Botticelli – “Madonna of the Book”

The Madonna of the Book is the greatest work of Sandro Botticelli, who lived at the same time as Leonardo da Vinci and Rafael Santi.

Botticelli in his work very often resorted to the image of the image of the Madonna. The painting “Madonna of the Book” stands apart in the artist’s work.

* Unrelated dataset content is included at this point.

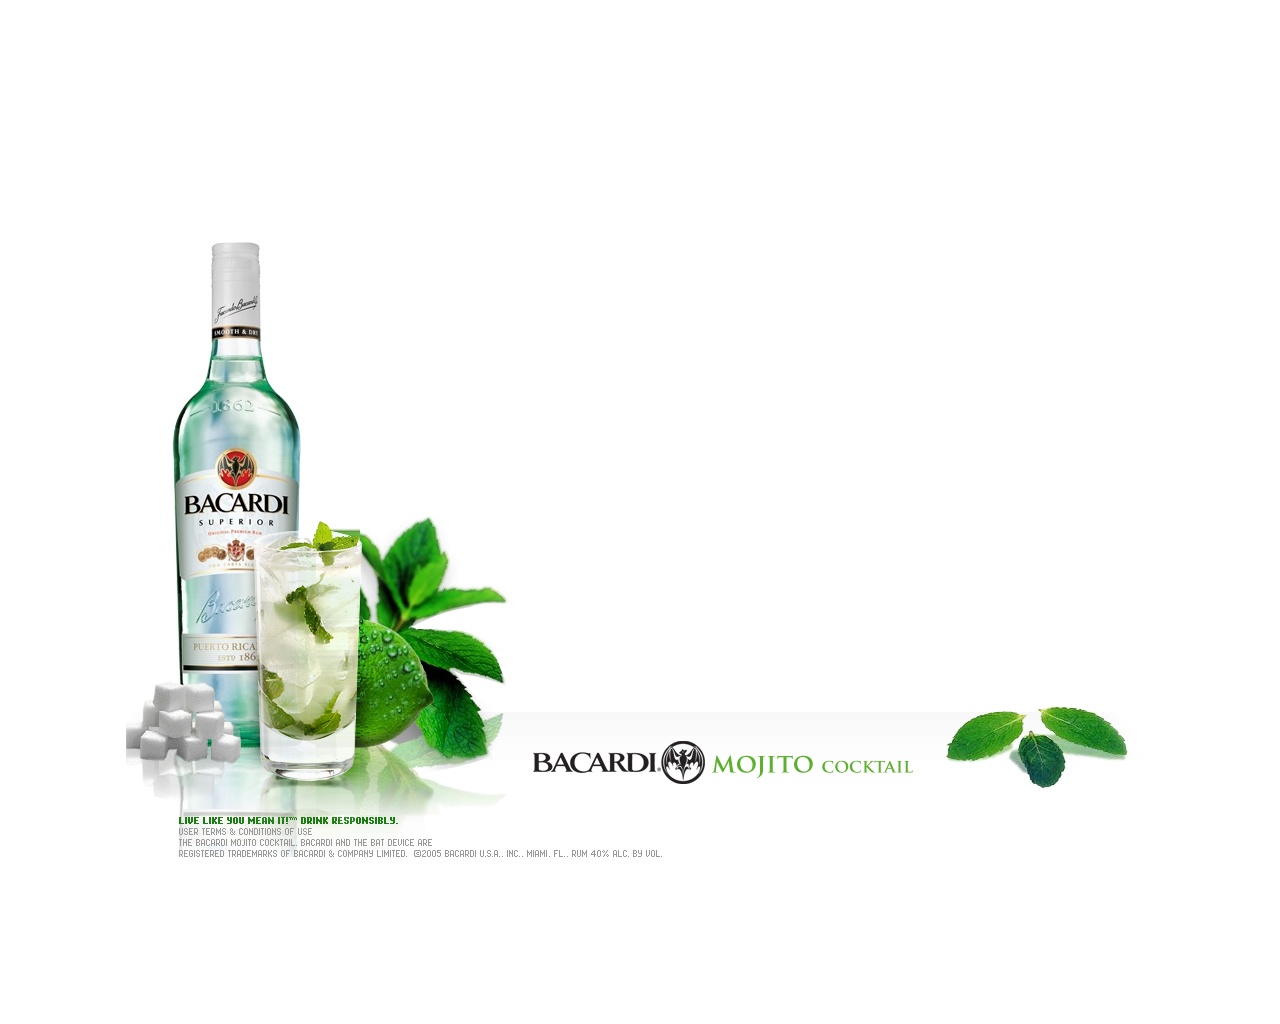 Free Download Bacardi Mojito Cocktail Drink Picture HD Wallpaper Image

In the 15th century, a book was a luxury item, few could buy it, and even fewer could read. In the Middle Ages, it was believed that a person who could read was either a saint or a sorcerer. According to one version of art critics, the painting depicts Mary, who teaches the little Christ to read. Also, the researchers installed a book that Botticelli portrayed. This is “The Book of Hours of Mary”, with this the artist shows the primacy of the church and its significance.

The painting “Madonna of the Book” is full of symbols. Nails and a crown of thorns foreshadow the trials that fate has in store for the baby. Cherry berries are also symbolic. They symbolize eternal life in paradise for a person who leads a righteous life.

In the later period of Botticelli’s work, the images in the paintings become more complex, emotions appear on their faces: sadness, uncertainty.

In the image of the Madonna, the artist is looking for the ideal of beauty. He creates her light, sublime, her whole appearance radiates harmony and spiritual beauty.

Year of painting: 1479.

Painting dimensions: no data.

Material: no data.

Writing technique: no data.

Genre: religious painting.

Style: early Renaissance.

Gallery: Poldi Pezzoli Museum, Milan, Italy.